2020年10月4日礼拝説教要約「空しさの極みから」コヘレト1:1-18

 コヘレトは「空しい」を連発する。その他にも「太陽の下、人は労苦するが すべての労苦は何になろう」(3節)、「何もかも、もの憂い」(8節)、「わたしは太陽の下に起こることをすべて見極めたが、見よ、どれもみな空しく、風を追うようなことであった」(14節)、「太陽のもと、労苦してきたことのすべてに、わたしの心は絶望していた」(2:20)といった重苦しい言葉が並ぶ。このまま「遺書」になってもおかしくはない言葉が連続する。だから「ヘベル」を繰り返すコヘレトは伝統的に虚無的、厭世的と者と評されてきた。

 しかし、NHKの「心の時代」でこの「コヘレトの言葉」が取り上げられているが(10月から放送再開予定)、講師の小友聡先生はコヘレトの言葉のテキストの副題に「それでも生きる」とつけられている。また小友先生の近著『コヘレトの言葉を読もう』の副題も「生きよと呼びかける書」となっていた。虚無主義者コヘレトとはまた違う印象が浮かび上がってくる。小友先生は、コヘレトは決して虚無的に、この世界で生きることをやめようとしているのではなく、むしろ、どうしようもない「空しさ」、「空」の中でなお「生きる」ということを語りかけているという指摘されている。

 「空しい」と約させるヘベルという言葉は、もともとは「息」「蒸気」という意味であり、そこから「空しい」「はかない」「無益」「無意味」「不条理」などを意味するようになった。その中でもヘベルは「時間的な短さ」、「儚さ」を意味する。コヘレトは、人生は短く、儚い。大地は永遠に続き、日は昇り、日は沈む。風は吹きめぐり、川の流れは繰り返される。その中で、人生は儚く、短い。

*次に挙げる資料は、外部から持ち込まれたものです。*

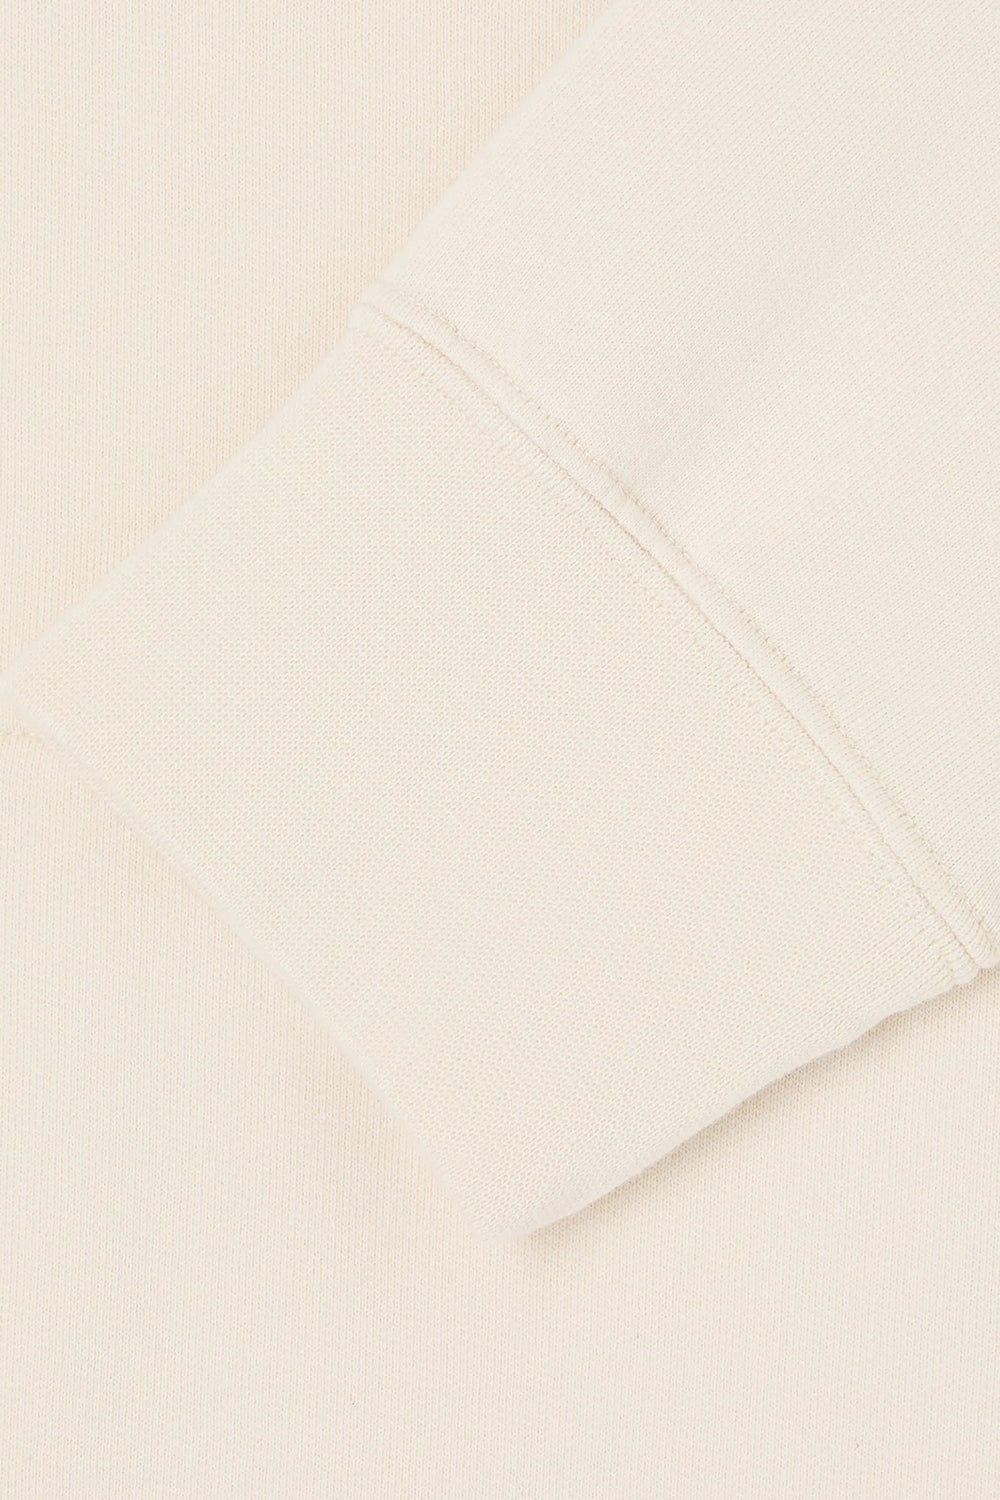 Edwin Japanese Sun Hooded Sweatshirt (Whisper White)

だからこそ、どう生きるのかをコヘレトは問うているのだ。

 確かにへベルが繰り返されるこの書だが、コヘレトは決して生きることを諦めているとは思えない。彼は最後に「すべてに耳を傾けて得た結論。『神を畏れ、その戒めを守れ。』これこそ、人間のすべて」(12:13)と記しこの書を閉じる。コヘレトは神を畏れることなしに、神なしに生きることは空しいと語るのだ。  神を畏れ、神の戒めを守り生きる! 

 それはヘベルの中で神を礼拝しつつ生きるということだ。それこそ人間のすべてだ。私たちの「礼拝書指針」の前文には次のようにある。「私たちは人間として欠乏感に迫られて礼拝することをしっている。私たちは自分自身では満ち足りることができないのであり、造り主と出会い、礼拝することによって、完成と充足を経験するのである。礼拝するとは、人間が人間となることである」神を礼拝することなしに、人間は人間にはならないのだ。お前の創造主に心を留めることなく生きることは空しい。風を追うようなものだと語っているのだと思う。  

 私たちの中に「ヘベル」がある。コロナで目標を失った若者が「空しい」と語っていた。自殺者も急増していると報道されている。有名人の自殺も相次いでいる。子育て、介護、職場において私たちの中に「ヘベル」がある。
 
 私はキリストの十字架の出来事を思う。キリストの十字架こそ「へベルの中のヘベル」だと。しかし、神は十字架のキリストを復活させられた。愛に生き抜いたキリストの生涯は決して空しいものではない。主の復活はそのことの証しているのだ。キリストの弟子たちはヘベルを経験する中で、なお「生きよ」との御声を聞き、礼拝しつつキリストに従い生きるのだ。